Ok.... I'll take it slowly this time....
This woman wants to send e-mail to her boyfriend and maybe do a little web surfing. Unless she lives in a VERY small town, she has her pick of any of a number of ISP's. Thus, she doesn't have to deal with the likes of AOL or MSN. No non-standard PPP, no problem.
Thus, all your e-mail contacts would be unable to contact you
Here's a concept for you.... gather all the addresses in your address book and send each entry a small email saying
"Hi! I got a new ISP recently.
My email address has changed from me@old.isp.com to me@new.isp.com.
Please update your address book Thanx!"
As for the website passwords.... if your memory is not up to the task, I suggest writing down your passwords and storing them in a secure place..... or just put 'em on a post-it and stick it to your monitor like the rest of us do! [grin]

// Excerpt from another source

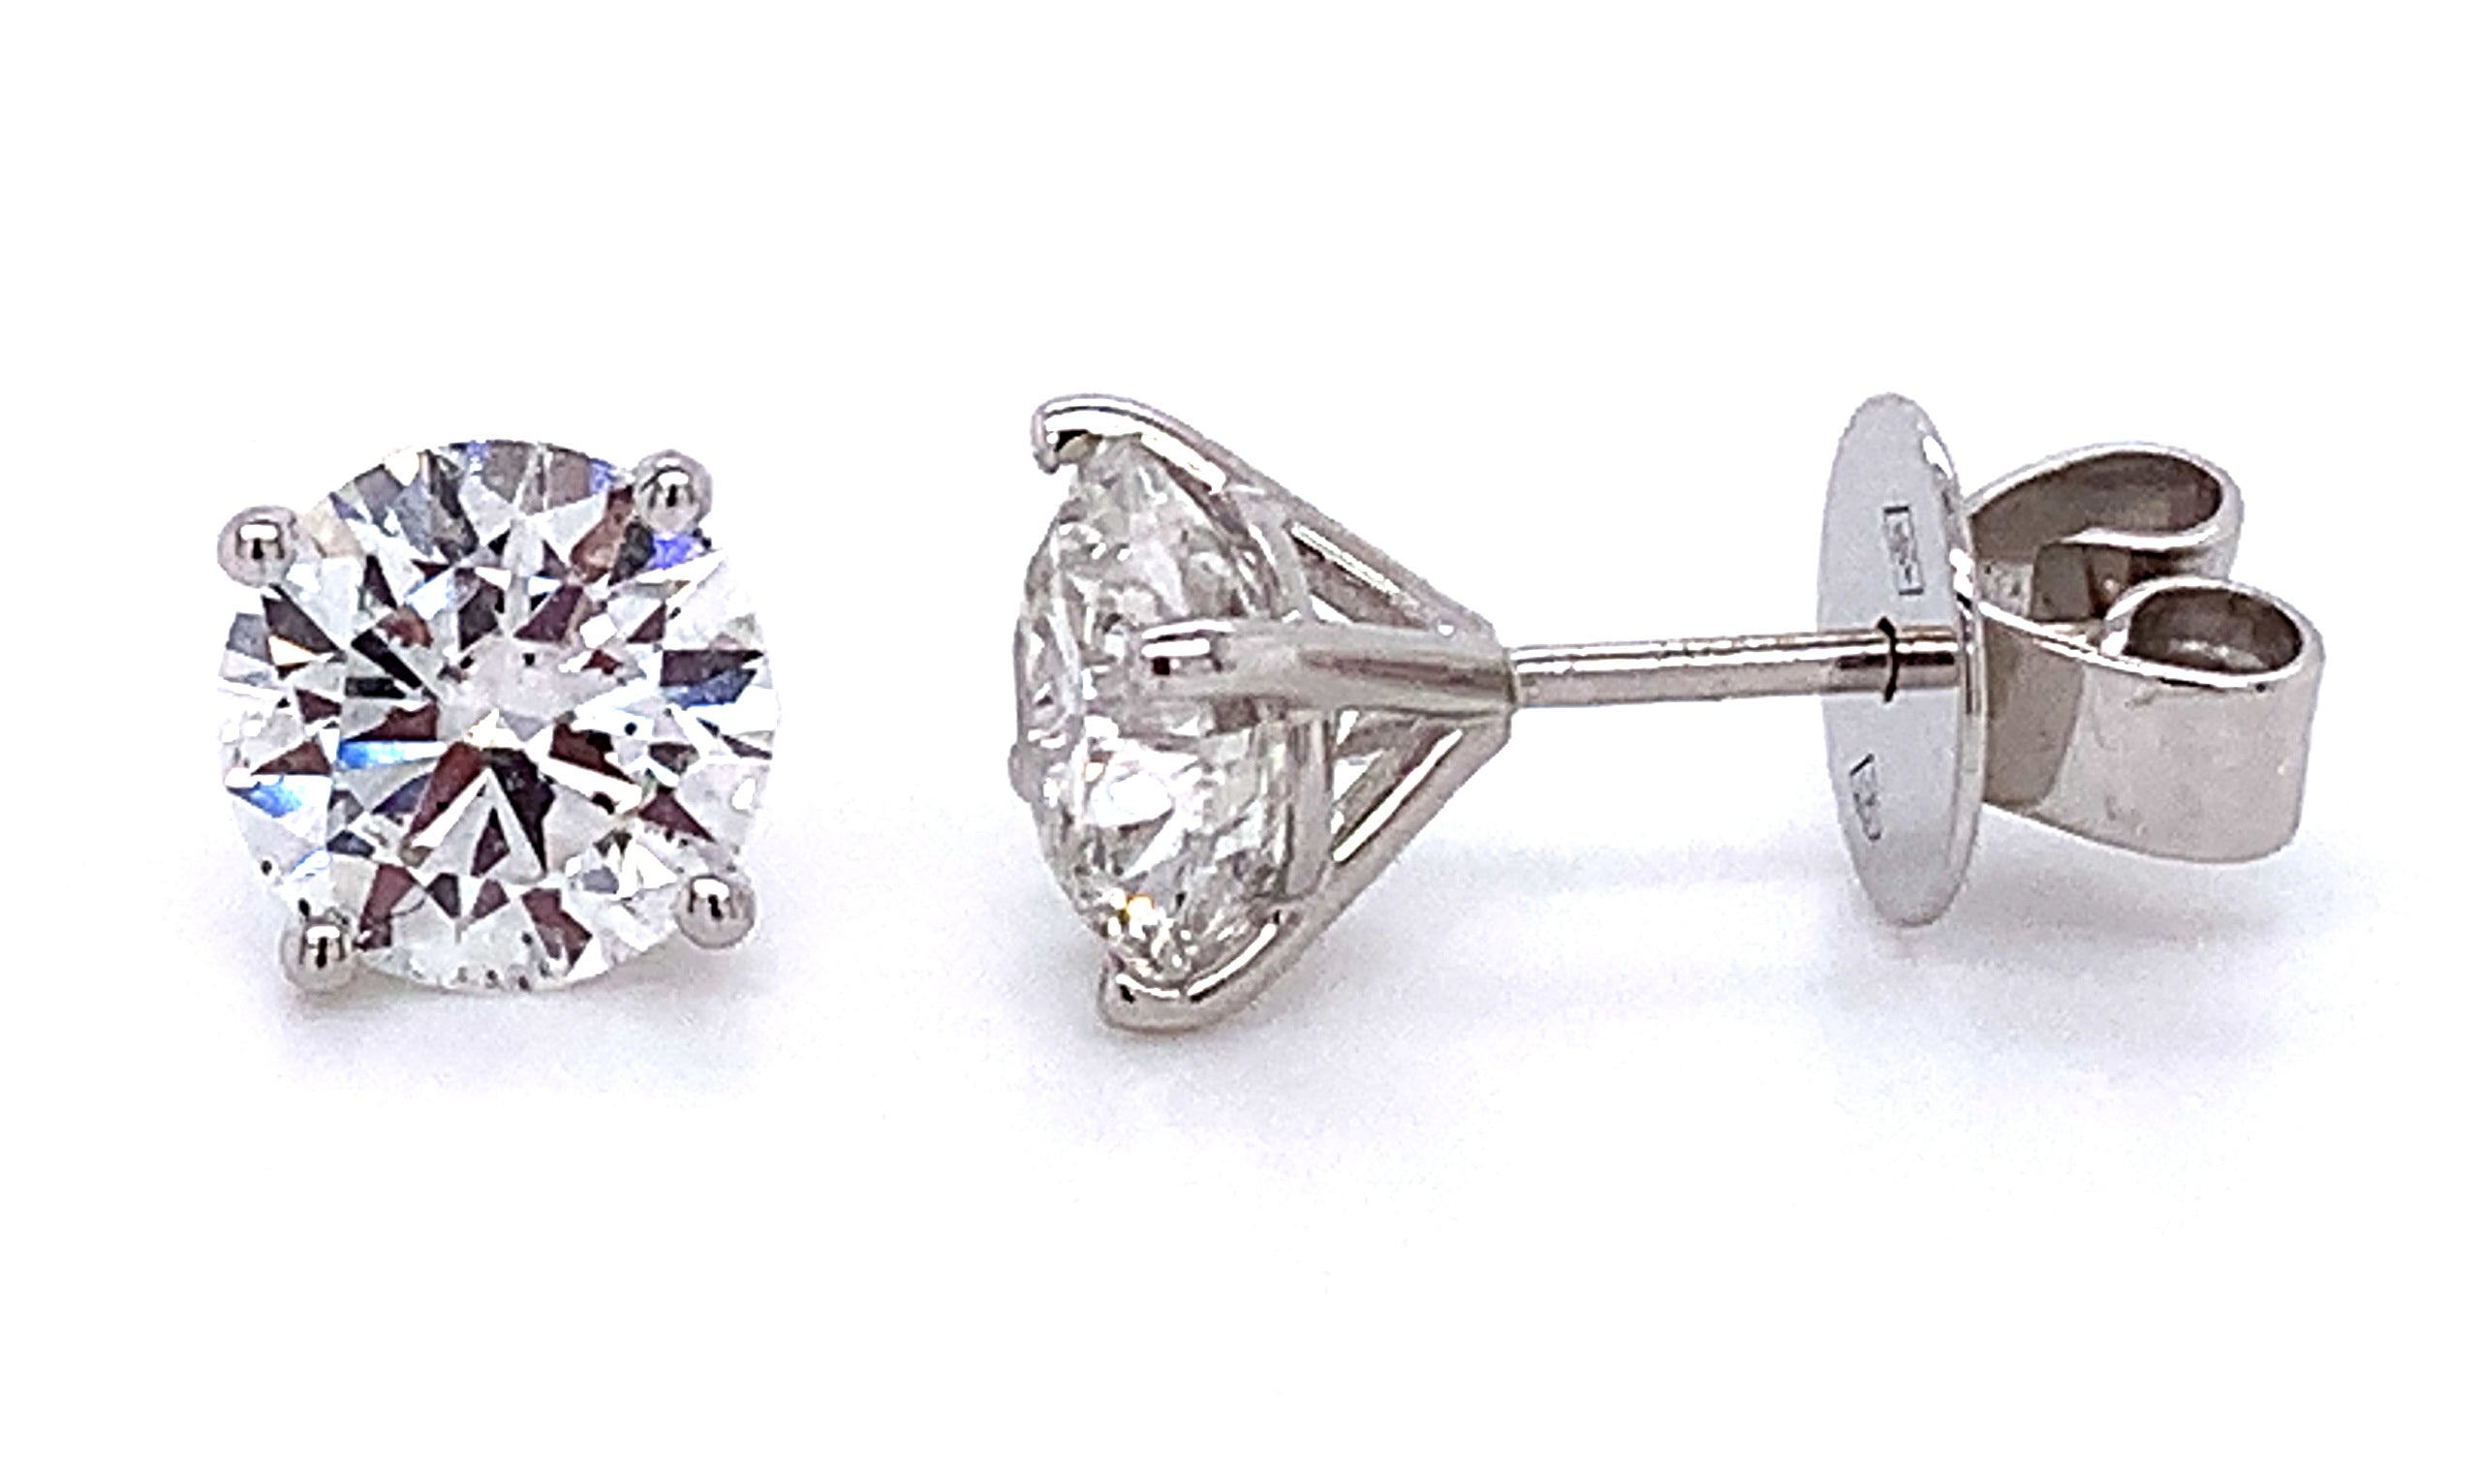 40 Pt Lab Diamond Stud Earring: buy online in NYC. Best price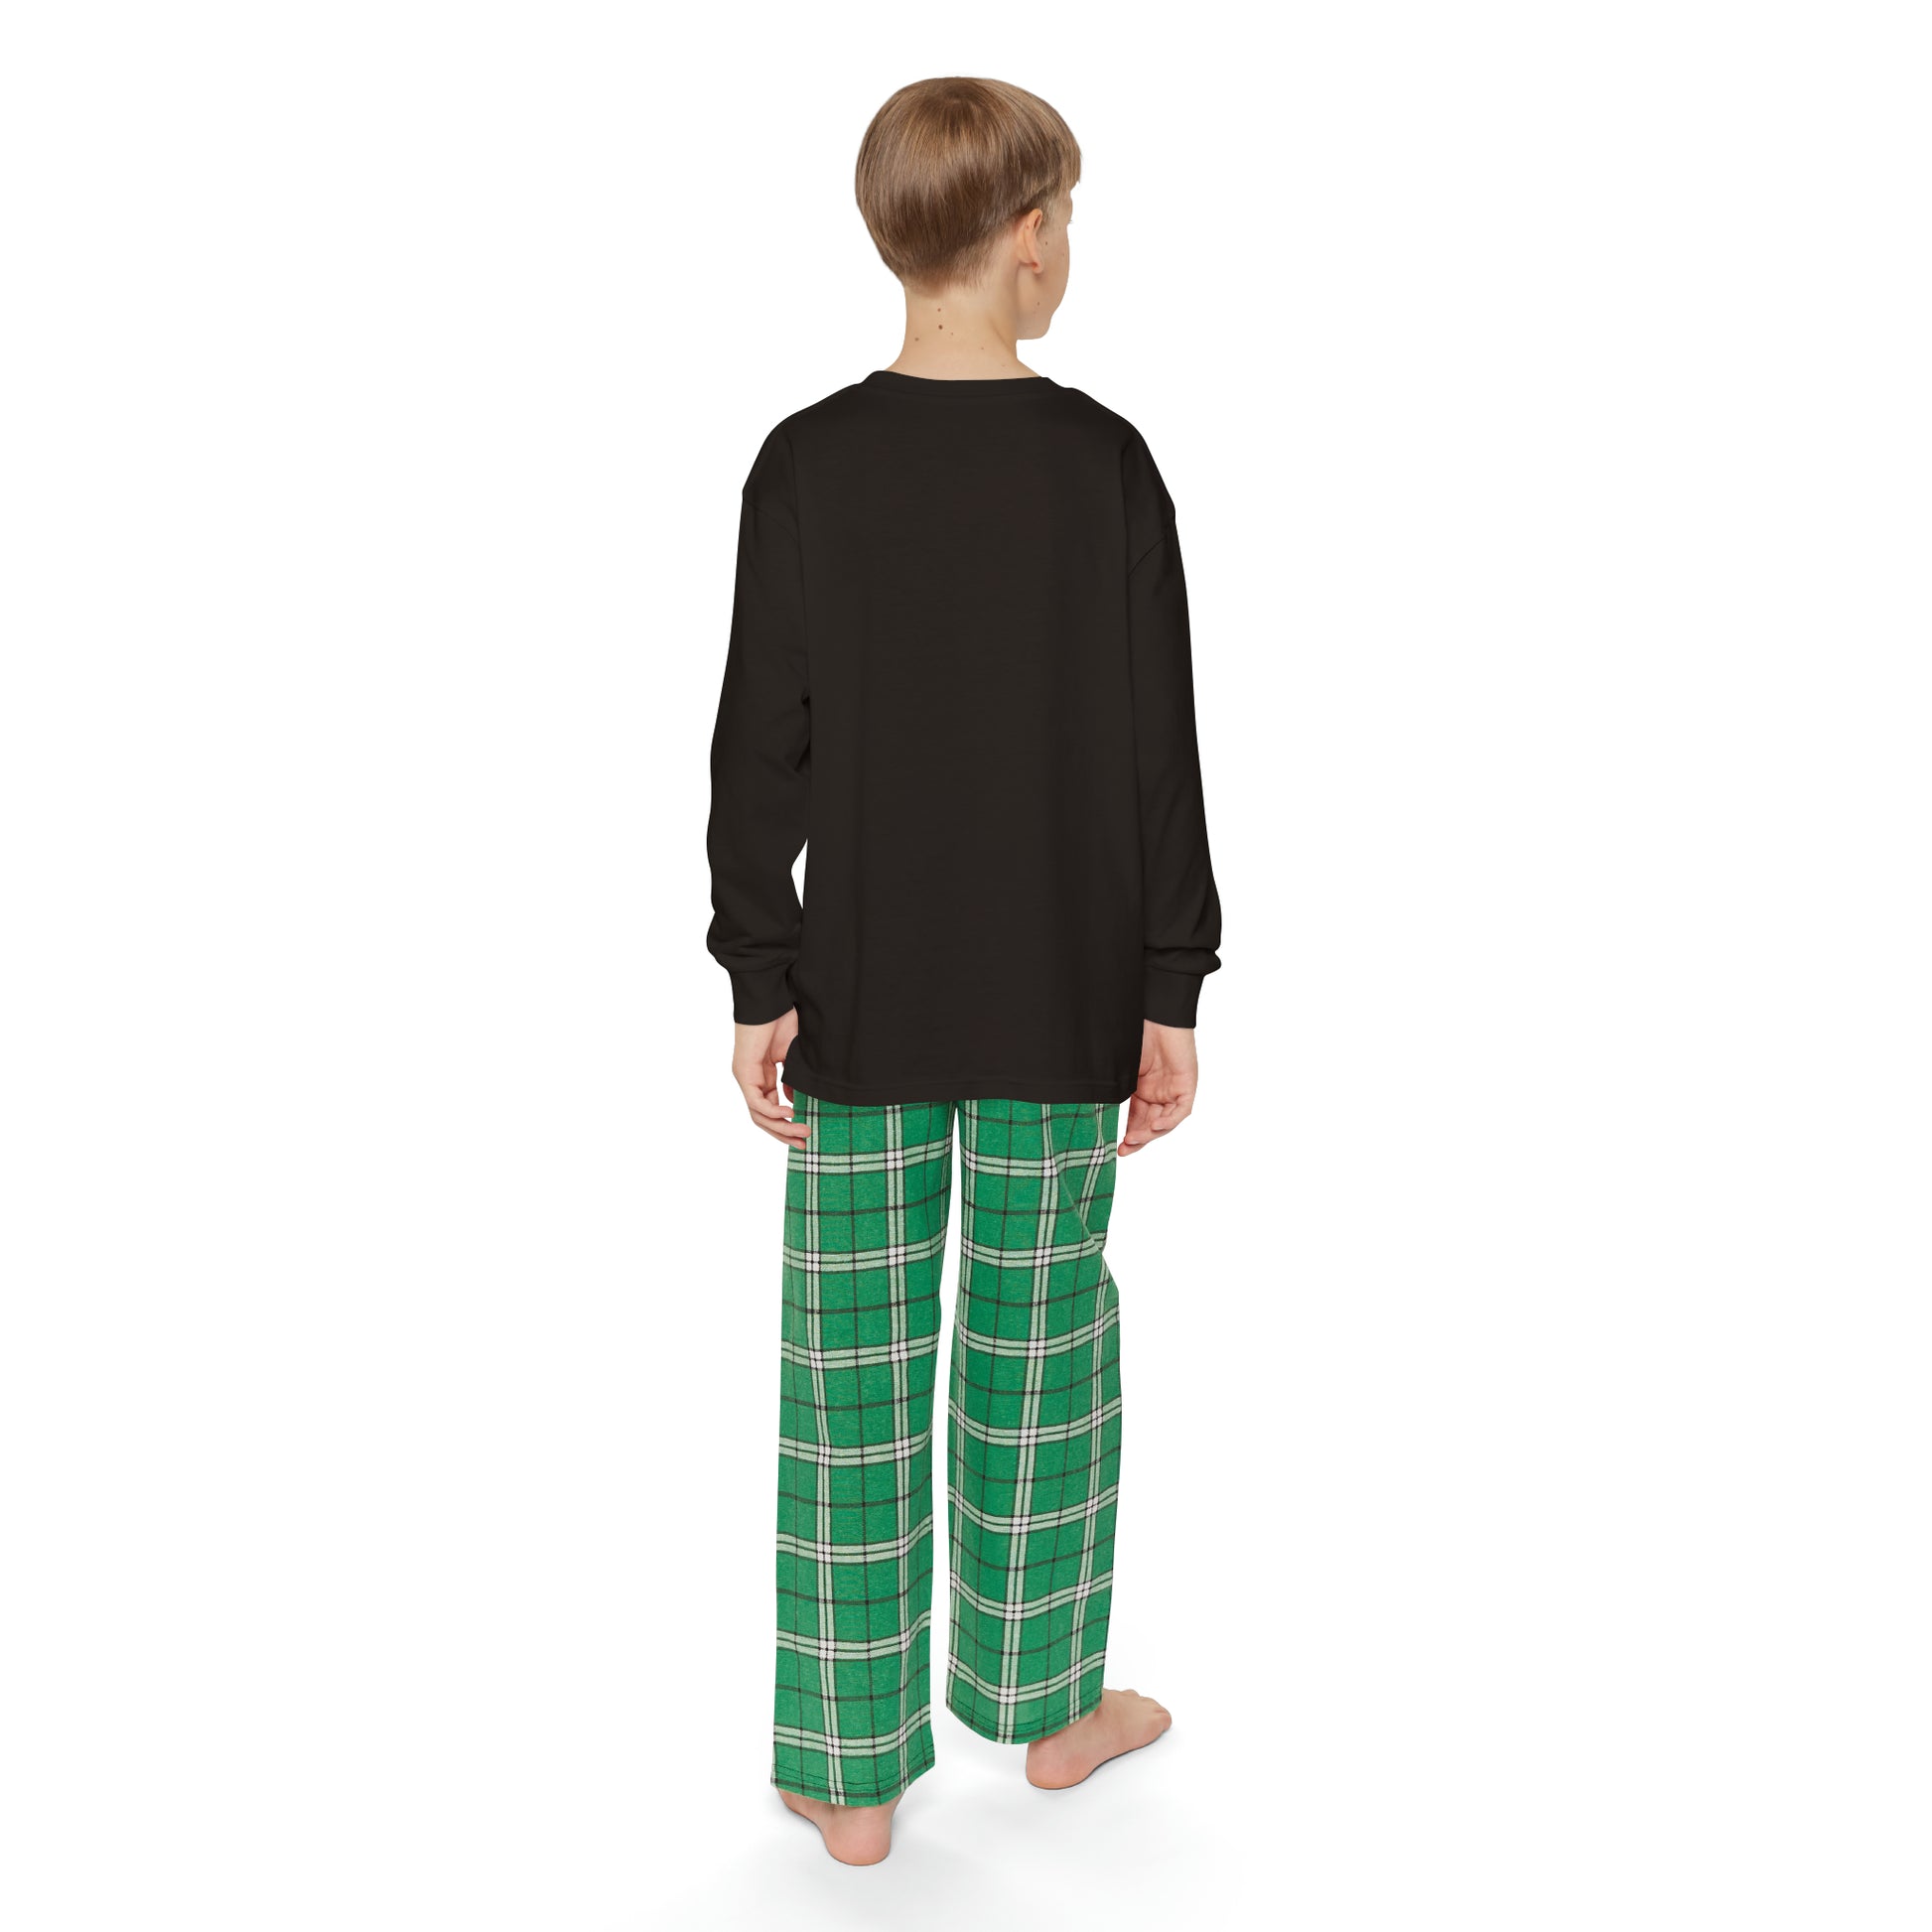 Child Of God Free Indeed Youth Christian Long Sleeve Pajama Set Printify

Configure vim to use the key you want. Viola! (Otherwise, wait around a few weeks. Dozens of geeks are working on a hack for this issue as we speak.) Still, let's face it, no laptop keyboard is exactly an ergonomic dream, but that's kind of the price you pay for being mobile. When using it at home, your best bet is to plug in a USB keyboard and configure it how you like.
2. Bang for the buck is pretty low relative to similarly priced x86 laptops.
Not in the laptop arena, it ain't! My iBook kicks the ass over every comparably priced PC I have ever seen. Don't let the Intel clock speed ratings fool you, they downchip the shit out of Pentiums when they put them in laptops, to avoid giving the user second degree burns and spending the battery in a half hour or so. The iBook G3 chip (made by IBM rather than Motorola, IIRC) is plenty fast compared to what's out there in the PC laptop world.
2. The dock is an atrocious monstrosity, though I understand that it can be shrunk, which would help a lot. It can be resized quite dramatically (I have friends who prefer teeny-tiny docks on they desktops). It can also be auto-hidden, like most docks and bars out there (Gnome, Windows, etc.)
Information wants to be anthropomorphized.
My post wasn't comparing Linux and Mac OS. I was talking about PC software. I'd happily use OSX. The things I was talking about were far from unique. They were however, better implemented on Linux than on Windows software. I agree, the Mac versions of things, and the OS in general, tend to be cleaner and more refined. I like it that way.